Нун Ха снимал комнату на Тверском бульваре, иногда ночевал у Экка на Арбате. После спектакля мы гурьбой шлялись по бульвару, спорили, хохотали…
Назым был очень занят в университете, писал, все время писал пьесы и стихи. После того как прогорели наши спектакли и нас выдворили из «Ша нуар», мы стали играть по клубам. А в дни, когда не было спектаклей, все вместе сочиняли новые пьесы. В драме Хикмета «Кто виноват» я играл старого профессора. Судя по общему мнению, я играл ужасно, комиковал… Пьеса была слабая, наверно самая плохая у Назыма. Он и сам так считал.

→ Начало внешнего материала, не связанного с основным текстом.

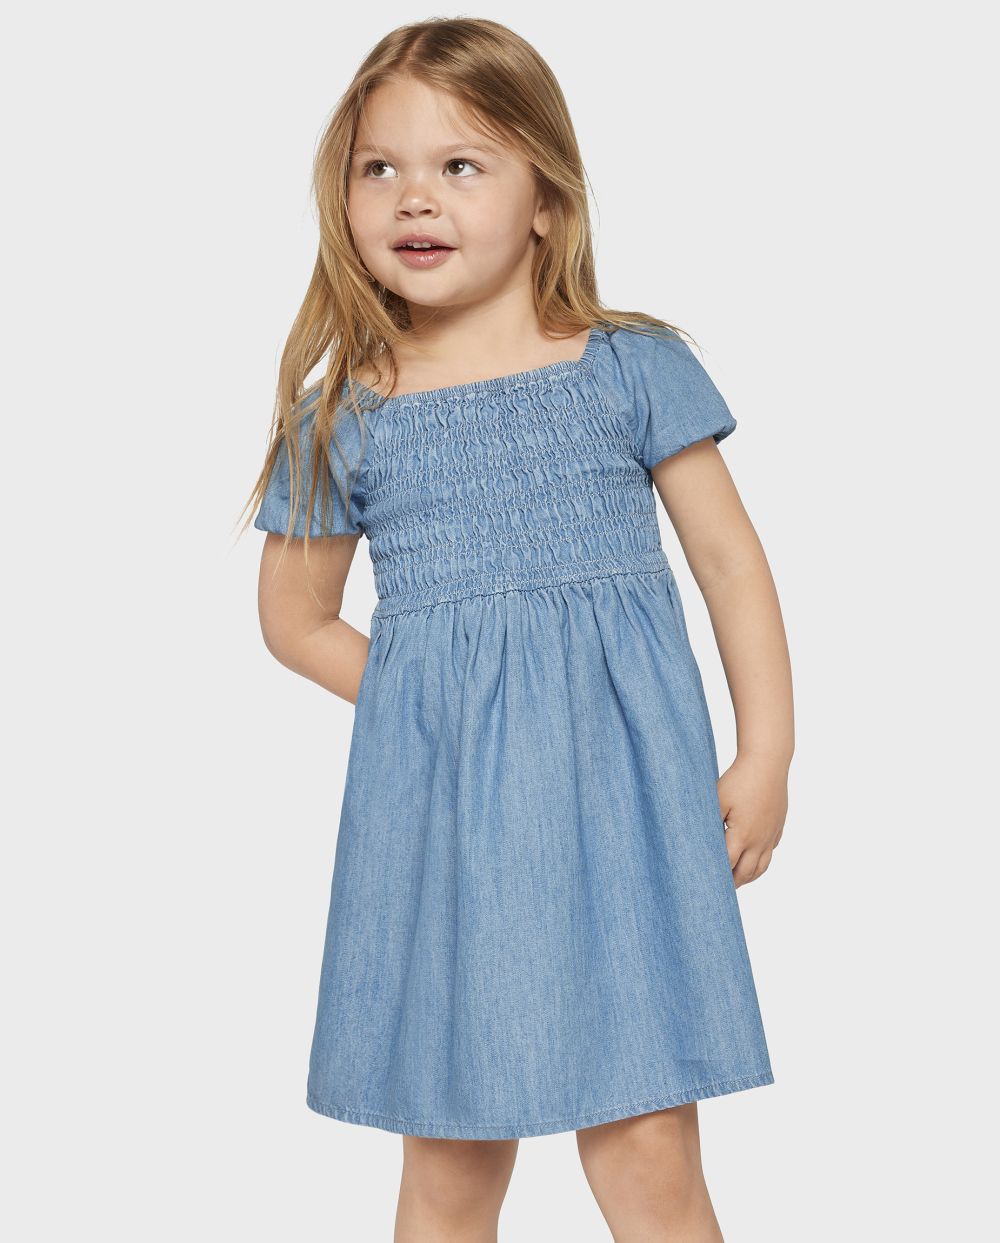 Toddler Smocked Square Neck Above the Knee Puff Sleeves Short Sleeves Sleeves Dress

Но зато впереди были у нас огромные дела. Назым и Экк решили создать две театральные многосерийные эпопеи. Одна – «Государство и революция». Другая -«Империализм как высшая стадия капитализма»… Ни больше пи меньше. А пока Назым написал пьесу «Все – товар» – о горестной судьбе великого ученого в капиталистической стране. Буржуи погубили сначала дочь ученого, затем самого ученого, затем его открытие – лекарство против туберкулеза. Владельцам туберкулезных больниц и санаториев было невыгодно это лекарство.
Пьеса, носившая подзаголовок «Первый урок сценического марксизма», нас всех очень увлекла. Мы распределили роли, стали репетировать. Но тут театр закрылся. В скором времени Назым уехал из Москвы и в двадцать восьмом вновь оказался в Турции.
До отъезда мы часто встречались. Имя его изредка появлялось на страницах газет. Он нравился. Был талантлив, умен, приветлив.
Иногда Назым по-турецки читал нам свои стихи. Мы ничего не понимали, разумеется. И вместе с тем могли часами слушать, как музыку, звучные словосочетания. Читал он прекрасно, нараспев, будто тут же сочиняя… Иногда в незнакомой речи блестели знакомые слова – «революция», «Ленин», «коммуна», «оркестр», «Аврора»…
Как-то мы с Виктором Гусевым зашли к нему на Тверской бульвар. Он был болен. То ли грипп, то ли ангина. Он с трудом привыкал к нашему климату. Лежал на железной кровати в крошечной комнатке (потом, когда я читал в газетах о Назыме в турецкой тюрьме, перед моими глазами всегда возникала эта железная койка, и знакомые его голубые глаза, и жесткие темно-рыжие волосы, и рука с карандашом на блокноте).
Он работал. Писал. Увидел нас, обрадовался. Начал читать по-турецки. О мировой коммуне-оркестре. Потом о больном Колоссе Родосском, всунутом в американские ботинки номер сорок пять… С нами зашла еще одна девушка. Актриса с ярко накрашенными губами.
– Такой рот, как будто ты кушал кровь, – сказал Назым актрисе.
Когда мы уходили и были уже на лестнице, актриса призналась, что ей очень не хотелось уходить. Хотелось остаться с больным, пожалеть его, вылечить… Уж очень он беззащитный, слабый.
Это Назым-то слаб! Да он, пожалуй, один из самых сильных людей на земле.
А через несколько дней Назым поправился и снова сидел на репетиции «Первого урока сценического марксизма»…
После гибели «Метлы» мы не виделись двадцать четыре года.
Встретились в Москве. Как-то наспех, в Союзе писателей.
Поздоровались за руку.
– Ты меня помнишь?
– Ну как же…
Ему было не до меня. Шло собрание, митинг, он выступал. Затем уехал. Затем приехал и болел. И только через какое-то время я пришел к нему в Переделкино на дачу. Он принял хорошо. Вспомнил «Метлу», Экка…
Я к нему стал изредка заходить. Не пропускал ни одной его премьеры. Он платил мне тем же. Смотрел мои пьесы в Театре Советской Армии…
И вот теперь мы, через тридцать шесть лет после нашего знакомства, здесь, на румынской земле.
Приехали в Констанцу поздно. Промчались через весь город и потом покатили дальше – в Мамаю, в отель бывший «Император»…
Перед нами было Черное море. Недалеко в городе – памятник Овидию. Поэт стоит у моря и смотрит вдаль, на родную страну, изгнавшую его.